Tweezing the turkey. We didn’t even notice the cat…
I gave up. A fourteen pound turkey is an amazing amount of avian acreage. We would be left with no option but to rip off and dispose of all of the skin that had been slathered with orange zest, a stick of butter, minced garlic and sage.
A feeling of embarrassment tinged with shame tugged at me as the first whiffs of roasting turkey filled the house. I had succumbed once more to the pressures of creating a perfect holiday. There we were sitting warm and dry under a brand new roof over a house filled with an abundance of food. And somehow, it wasn’t perfect.
Earlier in the week we had dropped off a donation to the annual Thanksgiving Rice Drive in City Heights. This was the ninth year that San Diego Asian Youth Organization and the Pan Pacific Law Enforcement Association co-hosted the drive to feed hungry families in San Diego County. Unsurprisingly, many of these families include Southeast Asian and African families, immigrants and refugees that are my neighbors in City Heights.

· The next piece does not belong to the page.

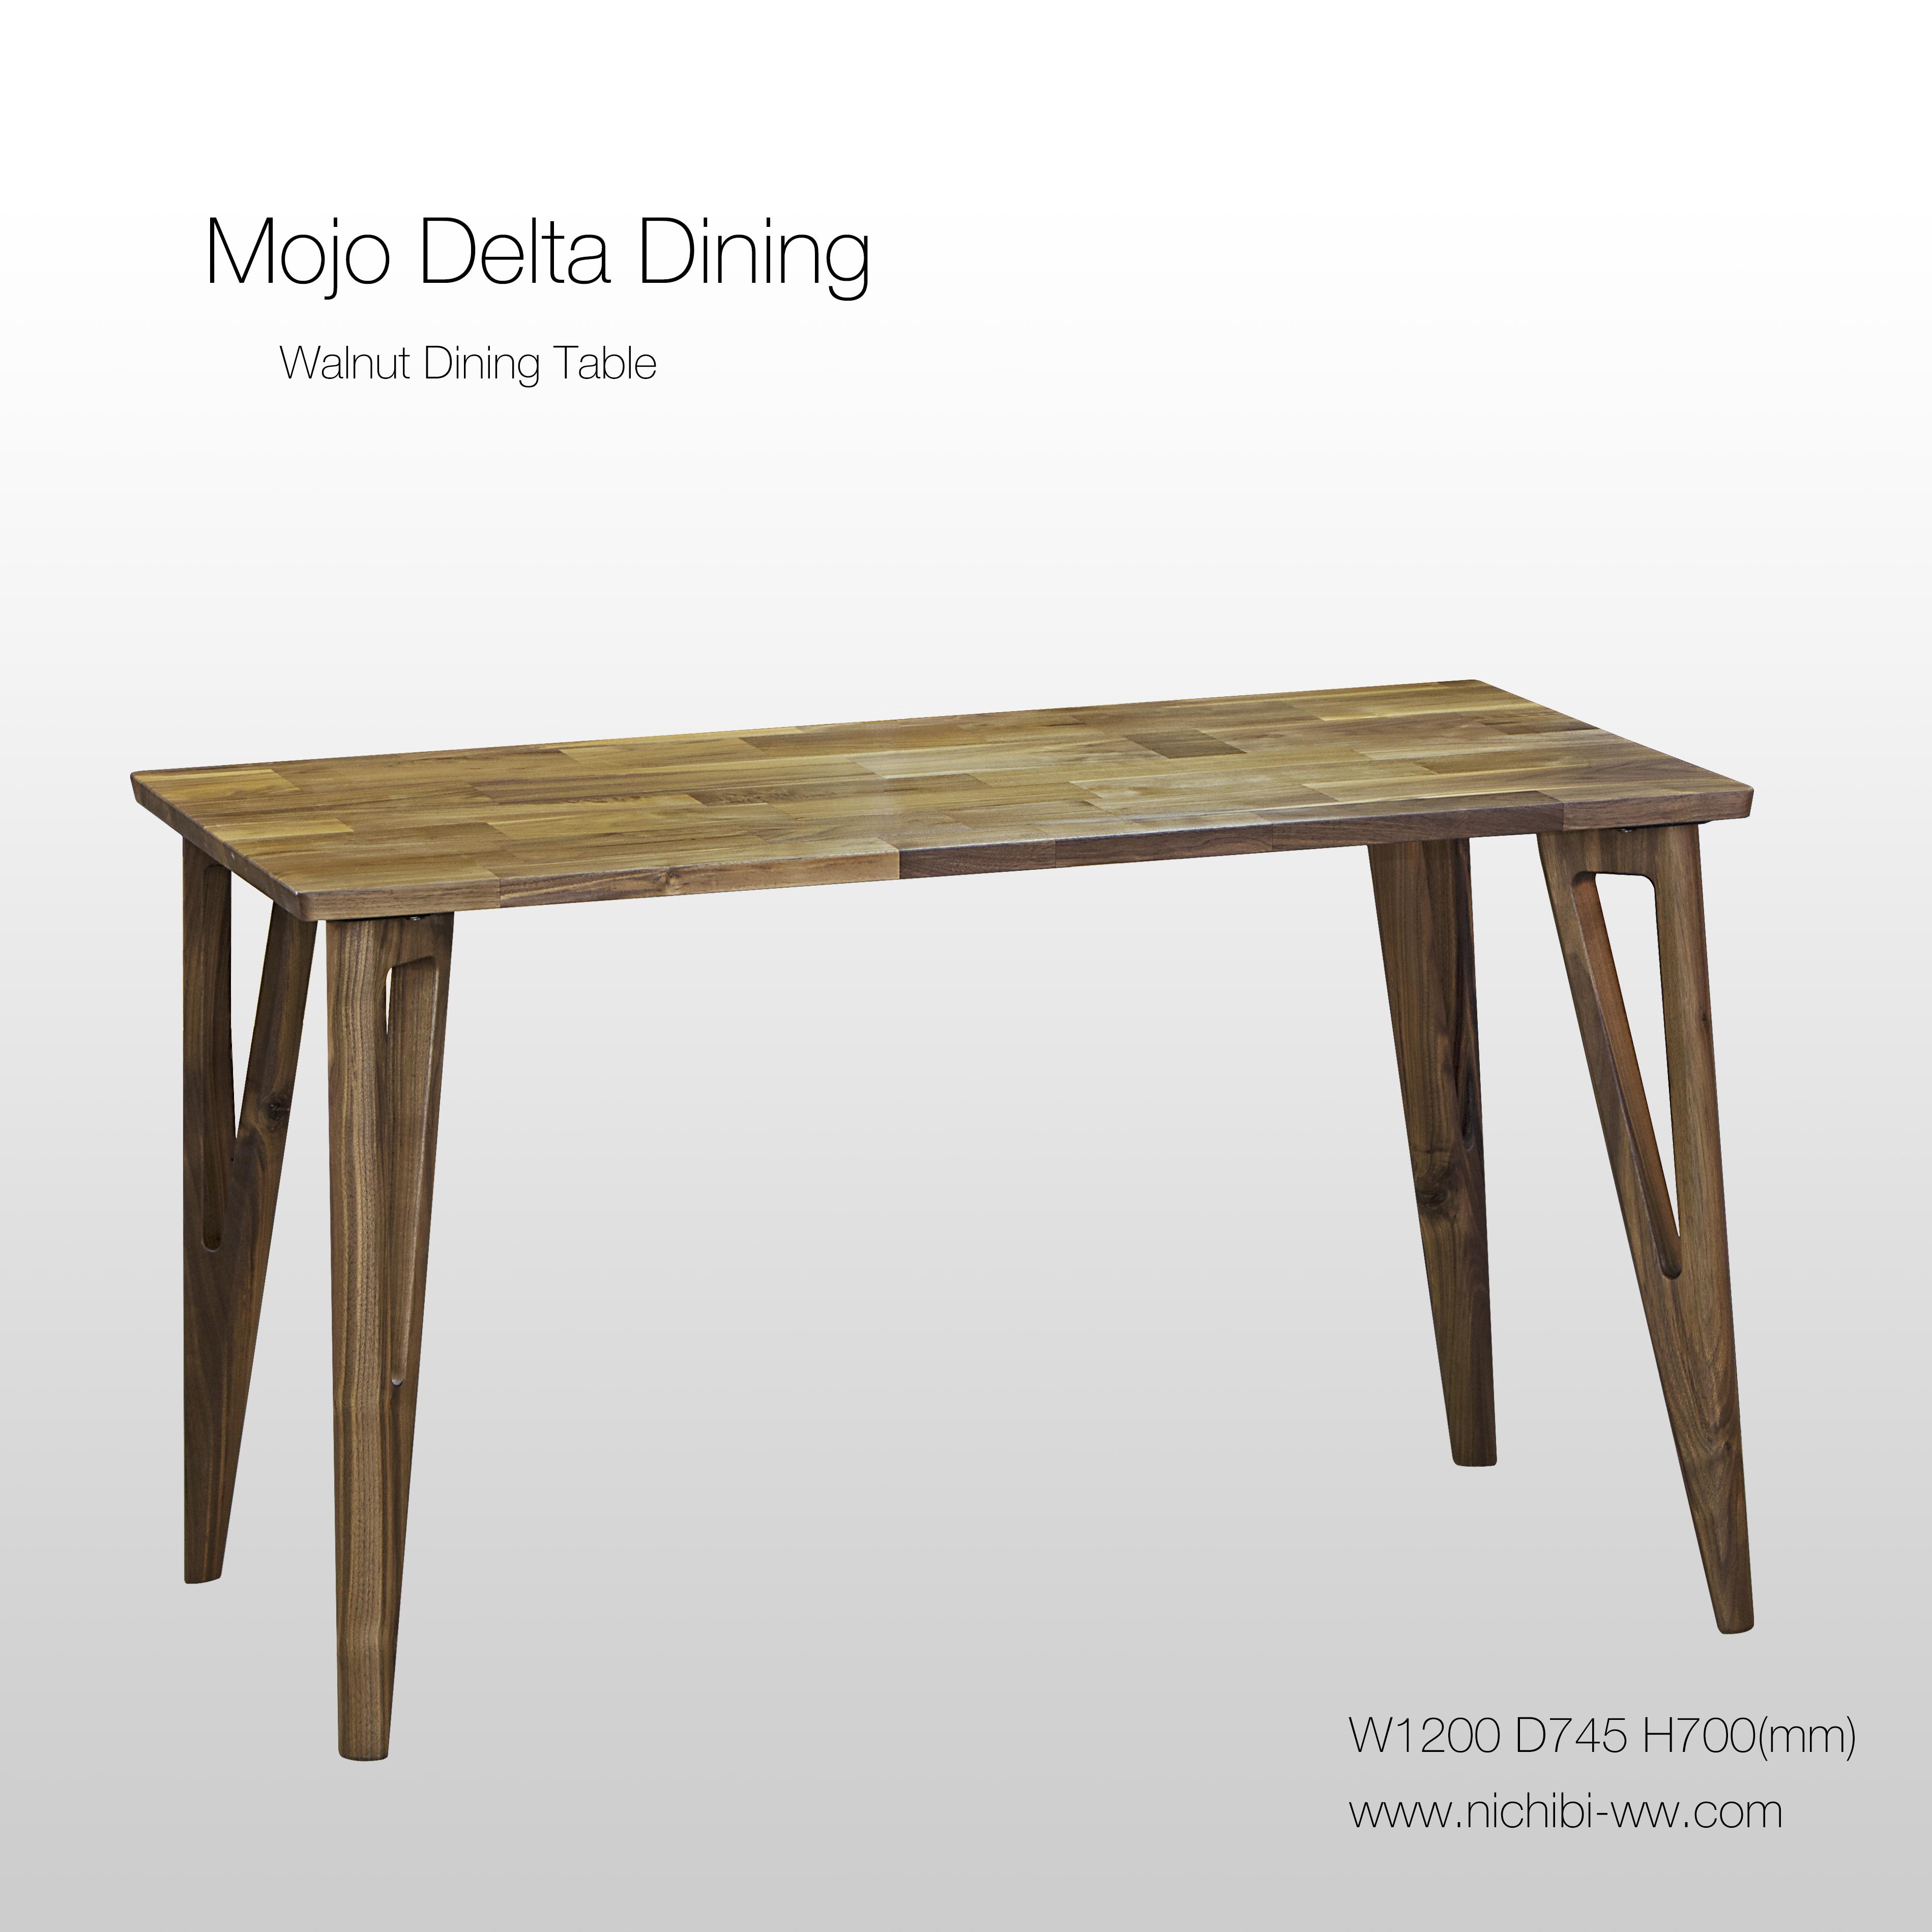 Mojo Delta Dining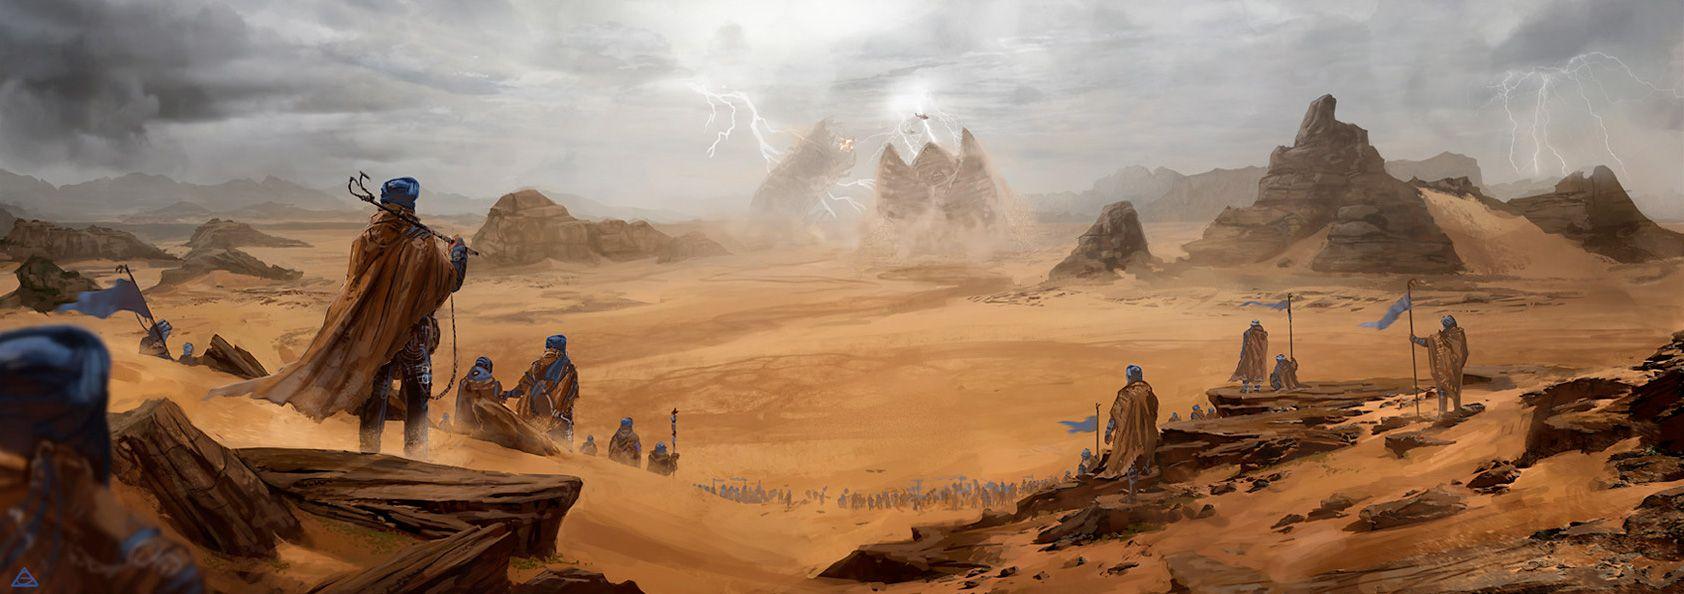 Dune_Concept_Art_Illustration_01_Gary_Jamroz.jpg (1684×594)

Rich and I were invited into an immense room to see the growing wall of twenty pound bags of Costco rice ringing its perimeter. It was astounding.
I asked one of the Community Relations officers if this was the right kind of rice as I thought of the different kinds of rice stipulated in recipes that I use. Jasmine and Basamati, long grain and short grain.
There was a long pause before the Thai officer responded. “We will probably have a thousand people show up this year when we distribute the rice. Families. Elderly people. Lots of kids. It will be a wonderful day. You should join us.”

Thanksgiving rice drive 2018 partial view
At this point in my long life I have come to realize that perfection—and paradise– are places and events that took place in the past, after memory has smoothed out the sharp edges and disjunctive moments that loom large in the present. The problem seems to be that I can so easily ignore what I know in my heart.
Rich and I finally settled down to a really good meal, a really good Thanksgiving. I doubt that time will work its alchemy and serve it up as perfect in retrospect, but it will certainly join years of odd and very funny Thanksgivings.
Besides, would you really want to read about our perfect Thanksgiving?
You of all people don’t have a blowtorch handy?
The one and only item on our Black Friday shopping list.
Dear story. Lovely writing, as always.
Thanks!
And now you can do creme brulee — for breakfast. Loved the turkey and rice story.
Oh, Anna, so good to hear your voice via this article. Glad that the day was saved and you had a nice meal. I have to admit I chuckled at your predicament and at the photo of your curious kitty by your side. I am going to miss your excellent writing in SDFP. So sad you are stopping the daily newsletter. Thank you SDFP peeps for the wonderful job you have done to keep us informed.
I wish you well and am looking forward to the next version of the Free Press. Love and peace to you all.
Haven’t you tried flipping the bird at Thanksgiving?